EUR/CHF Forecast February 3, 2016, Technical Analysis

The EUR/CHF pair initially rose during the course of the session on Tuesday, but turned back around to form a bit of a shooting star. Because of that, the market looks as if it is ready to pull back, but the 1.10 level below should be a massive support level that the market will respect. We like pullbacks in order to take advantage of value in the Euro as we have certainly broken out above massive resistance. Because of this, the market should continue to go higher over the longer term so we like the idea of buying pullbacks that show signs of support.

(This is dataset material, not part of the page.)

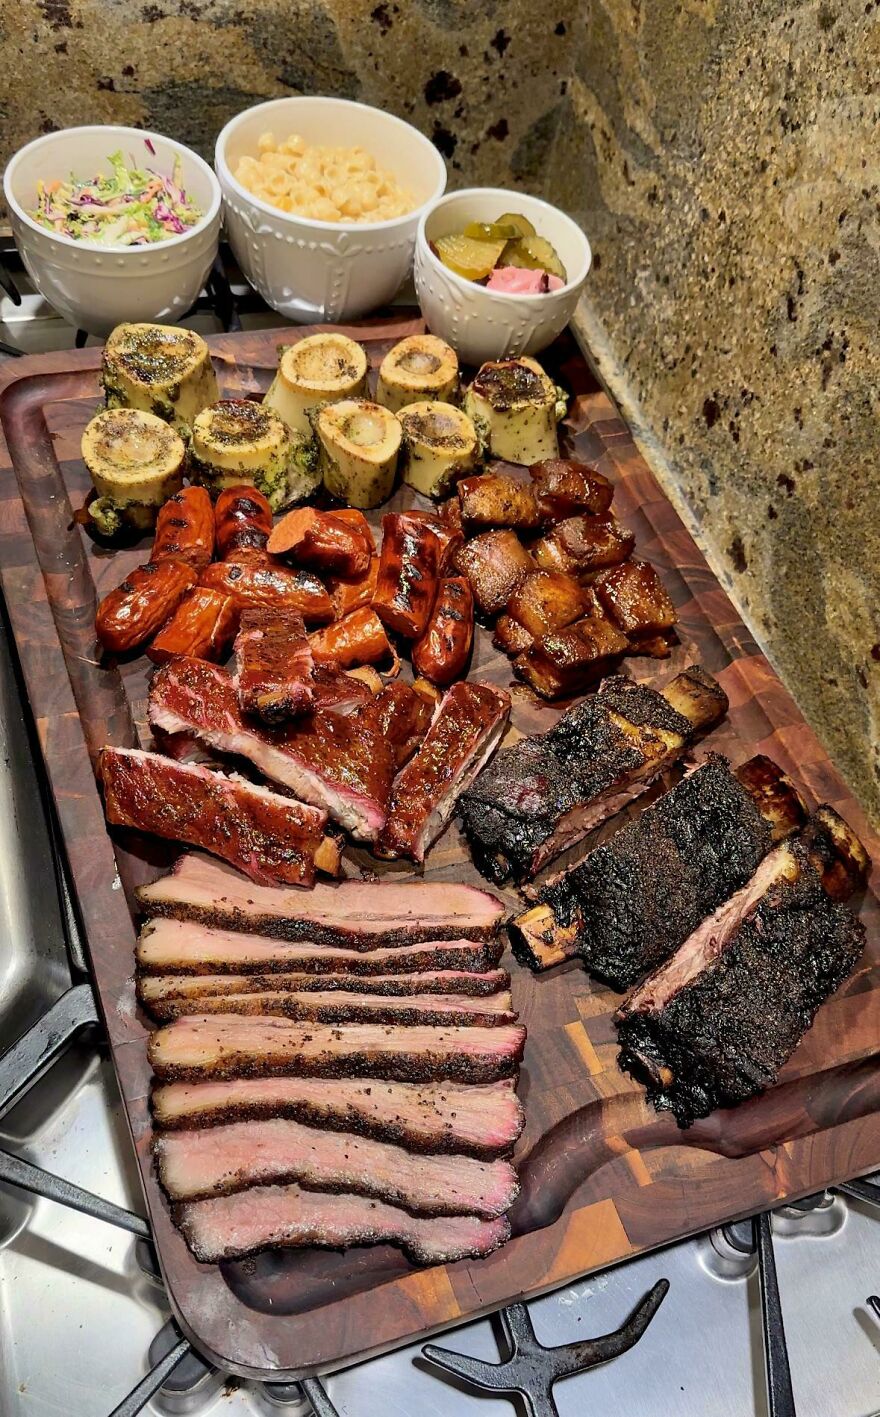 BBQ Platter That I Made For Some Old Good Friends

We also like breaking above the top of the shooting star as a reason to start buying as well. We believe that eventually this pair does go all the way to the 1.20 level, as it is where the Swiss National Bank abandoning its currency peg. There has been a bit of a vacuum as far as ordered are concerned, so we feel that it’s only a matter of time before the market grind its way to the aforementioned 1.20 level. Ultimately, this is a market that should be one of the best trades the sheer, and although we fully anticipate seeing this market go much higher, we do recognize that it will be a straight shot higher, so what we are choosing to do is add to this position every time we pullback with just small amounts. Eventually, we will have a large amount when it comes to the trade size and we will take advantage of that way higher.
Ultimately, we also have the ability to be patient in this trade, because it was such an obvious and important breakout. Ultimately, this is a market that is being supported by the Swiss national bank as well from we can tell, so at this point in time this is a “buy only” type situation and to be honest we don’t really see an opportunity to sell anyway. This is probably going to be one of our favorite trades this year.